January is almost over. Even though it's been a very long month at my house, I still shake my head in disbelief when I look at the calendar. Time marches on!
I am very glad I set health-related goals for January. Making better choices about diet and exercise has been a good way to kick-start the year. Doing a separate fitness challenge was probably a mistake, because I feel lots more pressure than I would if I was relying on my internal motivation alone. It's too much; I might bow out of that. Live and learn!
Through this process, I have learned and/or remembered a few things about myself.
First, I am an "abstainer" rather than a "moderator." It is SO much easier for me to cut dessert out completely than to eat it occasionally, or to have no ice cream at all than just a small serving. On the flip side, exercising every single day (except Sunday, which I always take off) is lots easier than three days a week. I'm an all-or-nothing girl.
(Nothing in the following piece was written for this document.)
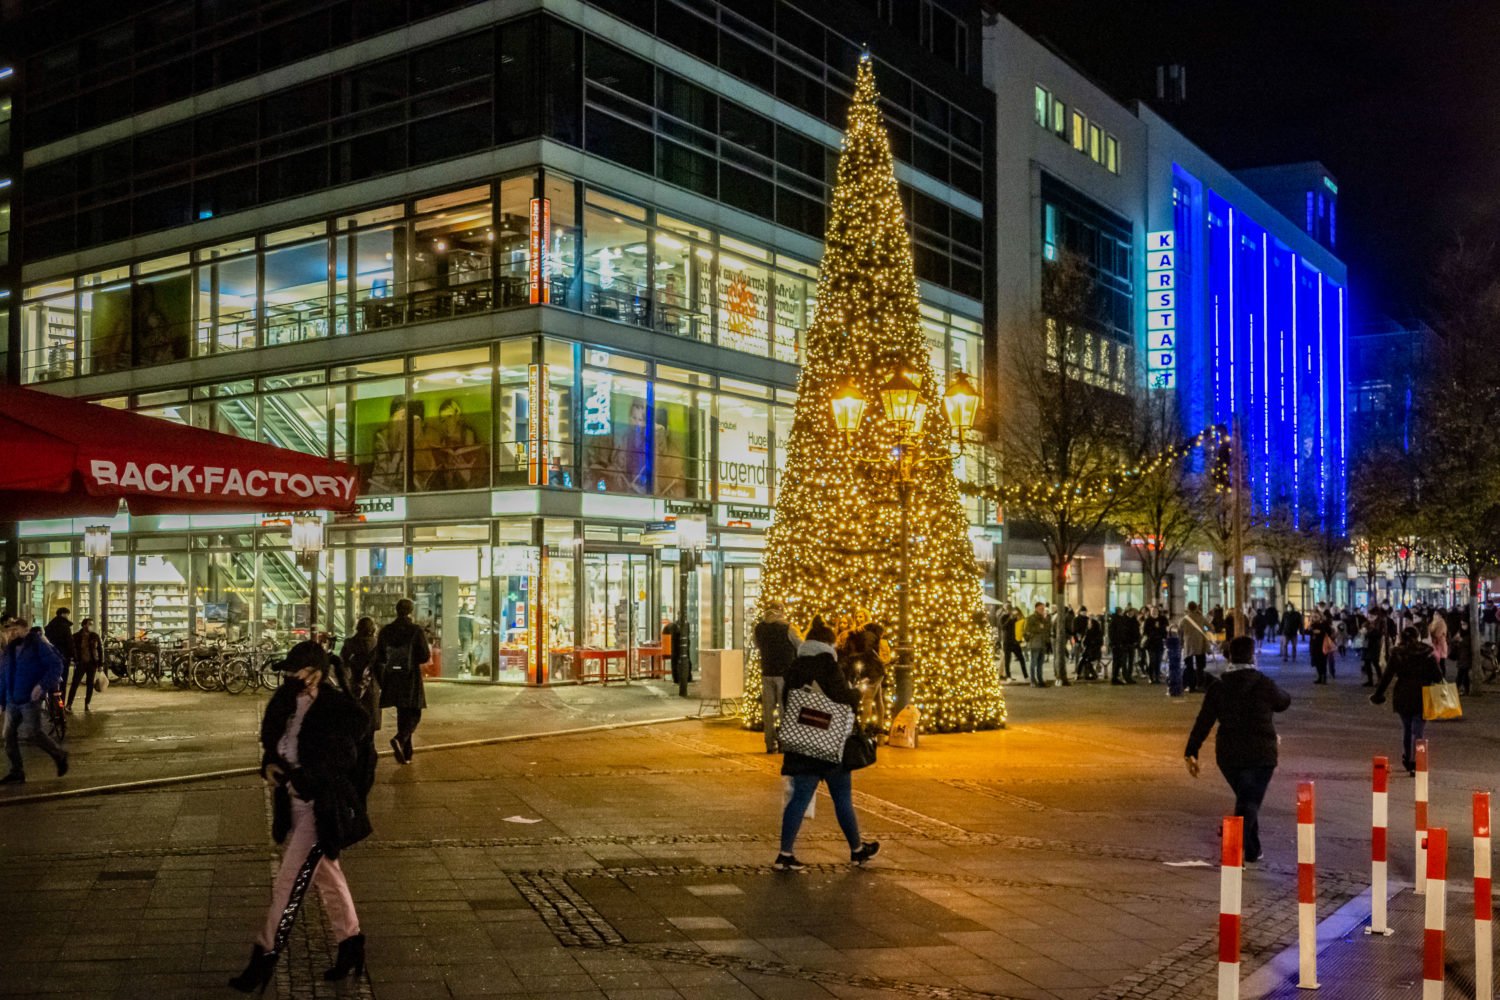 Weihnachten Fotos Berlin Die Wilmersdorfer Straße gehört zu den kleineren Shoppingmeilen Berlins, dennoch wurden dort einige Weihnachtsbäume aufgestellt. In vielen Geschäften sind zudem die Schaufenster liebevoll gestaltet. Foto: Imago Images/Zeitz

Second, fruits and vegetables taste yummy and are very satisfying. I love apples.
Third, I am rarely hungry. If I only eat when I'm actually hungry, I don't eat nearly as often as I habitually wander into the kitchen. And I'm not always hungry at traditional mealtimes, which is complicated, since I live with and am responsible to feed six other people.
Fourth, I am a very emotional eater. The last two weeks have been really rough, and I'm sorry to say I abandoned my goals for a while in favor of old habits. My empty resolution chart has haunted me, which hasn't helped my mood! I keep telling myself that tomorrow is a new day...
Fifth, exercise makes me happy. Endorphins coupled with the uplifting material I'm reading in the Ensign magazine (during my walking periods) can boost my mood significantly. When I'm walking/jogging, good things click into place mentally and I feel empowered to do better in many areas of my life.
So now, at the end of January, as I take account of my efforts to change, I think that overall it has been a successful month. I'm glad I will continue with my health-related goals throughout the year. It will take a long time to extinguish bad habits and solidify the good. Because of my persistent ill health and imbalanced hormones, I haven't lost a single pound, my clothes feel exactly the same, and I haven't been able to change how I feel, but I don't think my January goals were a waste. Onward and upward!